И он торжественно, с выражением, прочитал главу из «Кретинов». Виль скинул пиджак и начал залихватски читать монолог из драмы Бема «Визит юного хама».
Бем перебил его афоризмом из последнего романа Виля. Медведь запел – Бем писал также и песни. Тогда Бем натянул на себя скатерть, повернулся к Востоку и, воздев руки к небу, начал читать монолог старого еврея, мечтающего умереть на Земле Обетованной – из непоставленной трагедии Виля «Абрам»…
Раздались аплодисменты, они вдруг очнулись и увидели, что окружены огромной толпой, а у их ног валяются монеты и даже бумажные купюры.
Виль покраснел.
– Товарищи, – обратился он к толпе, – заберите, пожалуйста, деньги. Каждый свои.
– Ни в коем случае! – запретил Бем. – Это единственный случай, когда в нашем городе оплачивают труд писателя.
Он аккуратно собрал гонорар.
– Пошли пить!..
Они отправились в тот самый ресторан. На страуса не хватало, только на его яйцо, и Бем вызвал брата.
– Запиши на мой счет и принеси страуса.
– Уже некуда записывать, – сказал брат.
– Хорошо, ты не веришь мне – вот великий русский писатель.
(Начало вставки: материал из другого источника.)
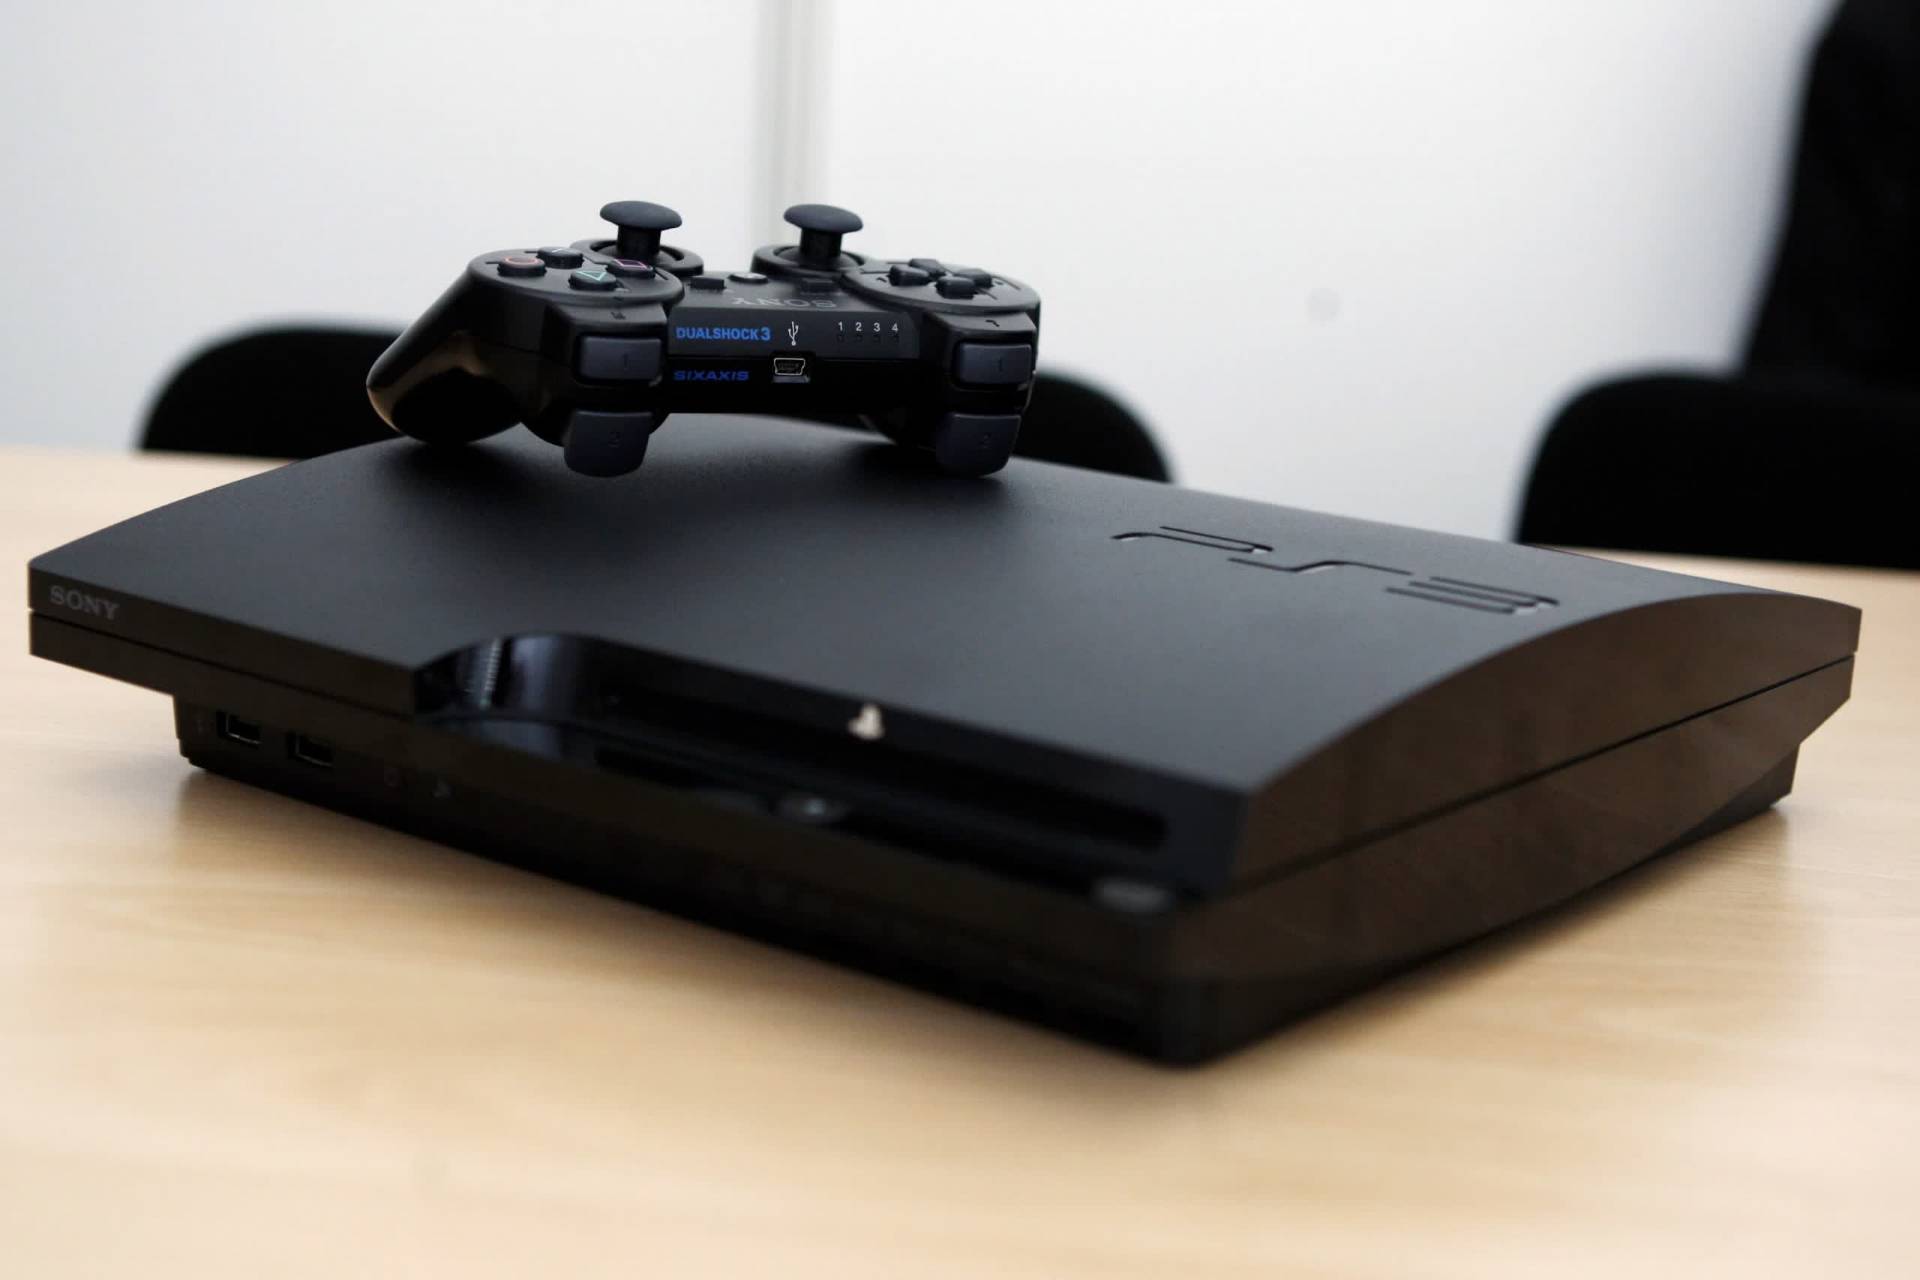 The Best Selling Video Game Consoles in the World

Открой ему счет и запиши на него. Пиши – Виль Медведь, великий писатель, два страуса, два яйца, две порции водки и две сигары от Давидова…
Брат принес только водку.
– Только из уважения к Горбачеву, – бросил он.
– Вот такие здесь братья, – сказал Бем, – куда ты переехал?
– Как там у вас движется перестройка? – поинтересовался брат, который почему-то никуда не уходил.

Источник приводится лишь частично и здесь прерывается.